Industrial nations are in a position to adopt managerial approaches that suits their mode of operations and nature of labor force.

In Asian countries, a paternalistic or participative leadership style is followed while directive style of leadership pattern suits the west. Basically, this difference arises due to the cultural background of people influenced by their tradition.

management styles

Japanese management

East Asian countries like Japan have a set of cultural norms that cannot be overlooked or sacrificed for the sake of business. Their cultural instincts are very strong and they believe in life long employment.
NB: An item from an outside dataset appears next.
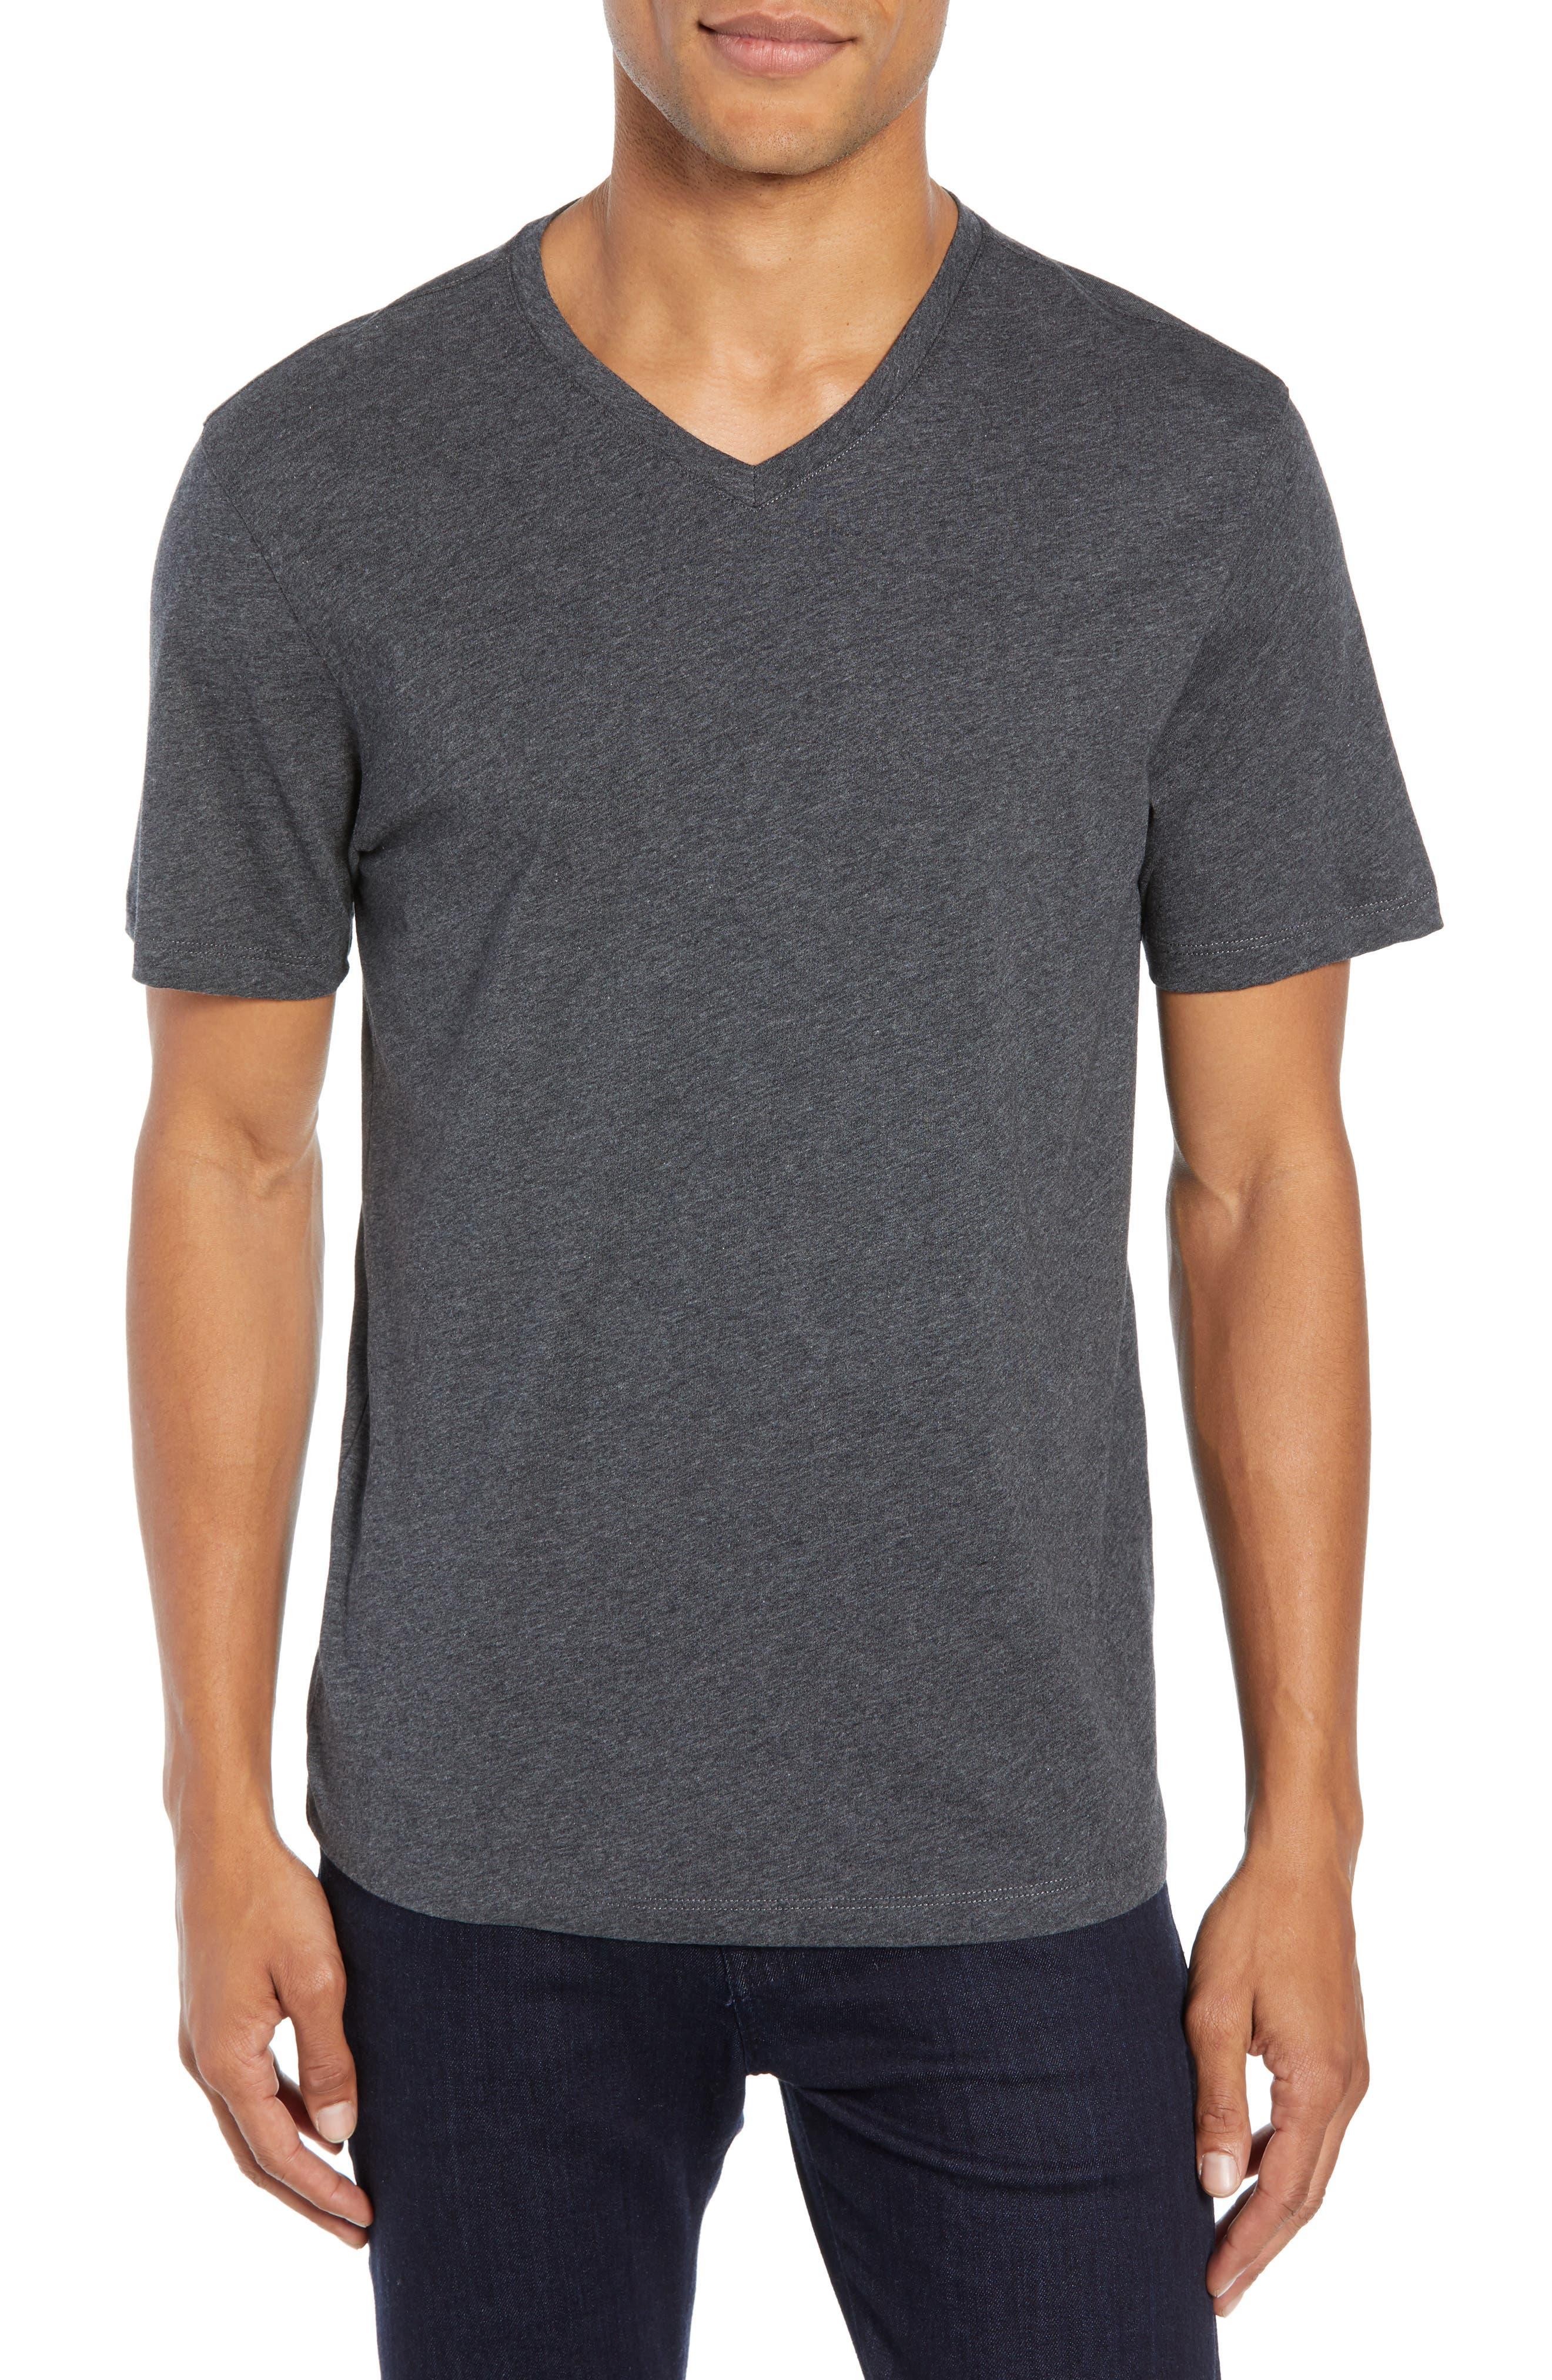 Mercer V-Neck T-Shirt,                         Main,                         color, DARK HEATHER CHARCOAL

Japanese management practice lays emphasis on seniority and shows great concern for each and every employee. 
The objectives are set by the lower level employees and it is passed on to the top level management for approval. These proposals are scrutinized by the supervisors who tactfully suggest the necessary changes, instead of simply accepting or rejecting the proposed objectives. This creates a sense of belonging and the employees identify themselves with the goals of the company.

You cannot assure that a participative style of decision making always proves beneficial. Sometimes, managers have to show their individualism by taking tough decisions, when the situation warrants for such an action.

Here the leader also becomes the firm decision maker. This is quite common in the west, where the leaders identify themselves with the profession rather than the company.

Such solo decision making sometimes result in sub-optimal decisions. We are not going to compare and contrast between the various management approaches and which is better.

The discussion aims at throwing light on different approaches and styles of management and how it affects the productivity of an organization.

Collective Decision Making

Japanese management relies on collective decision making (consensus), where the decision making might take time, but it is implemented quickly.

The Japanese management is highlighted in this discussion to demonstrate the effectiveness of their approach which is followed by many western nations to ensure success.

The novelty is in the fact that they treat people as human beings and not just another factor in production. The communication flows from bottom to top and back.

Care is taken to define the problem with clarity before going for a decision. In the west, managers are criticized to come to conclusions even before defining the problem.

Bureaucracy

Bureaucracy still prevails in most of the Asian countries hindering the progress of business communities. What started as an amazing administrative legacy has now turned authoritarian.

Even if the employee knows what the manager says is incorrect; he has to obey the instructions, just because it is issued by his superior. The people are expected to follow the instructions provided and not to question or suggest.

Collective Responsibility 

Collective responsibility and accountability, an informal organizational structure, common organizational culture and competitive spirit makes participative management approach distinct and successful.

When the leader acts as a facilitator and not a dictator, naturally the employees will try to give their best shot.

Collective responsibility might sometimes lead to ambiguity of decision responsibility. But individual responsibility and accountability vouches for clear and specific decision responsibility.

Quality control circle

Quality control circle is another feature that distinguishes Japanese management from others.

Workshops are organized in a periodic fashion to arrive at solutions for problem situations, be it worker welfare, bottlenecks or interpersonal skills.

The focus is on group performance and peers help one another in enhancing the performance and thus increase the overall productivity.

Firms must carefully choose a management style that caters to the needs of future requirements of the company and the one that satisfies their strategic goals.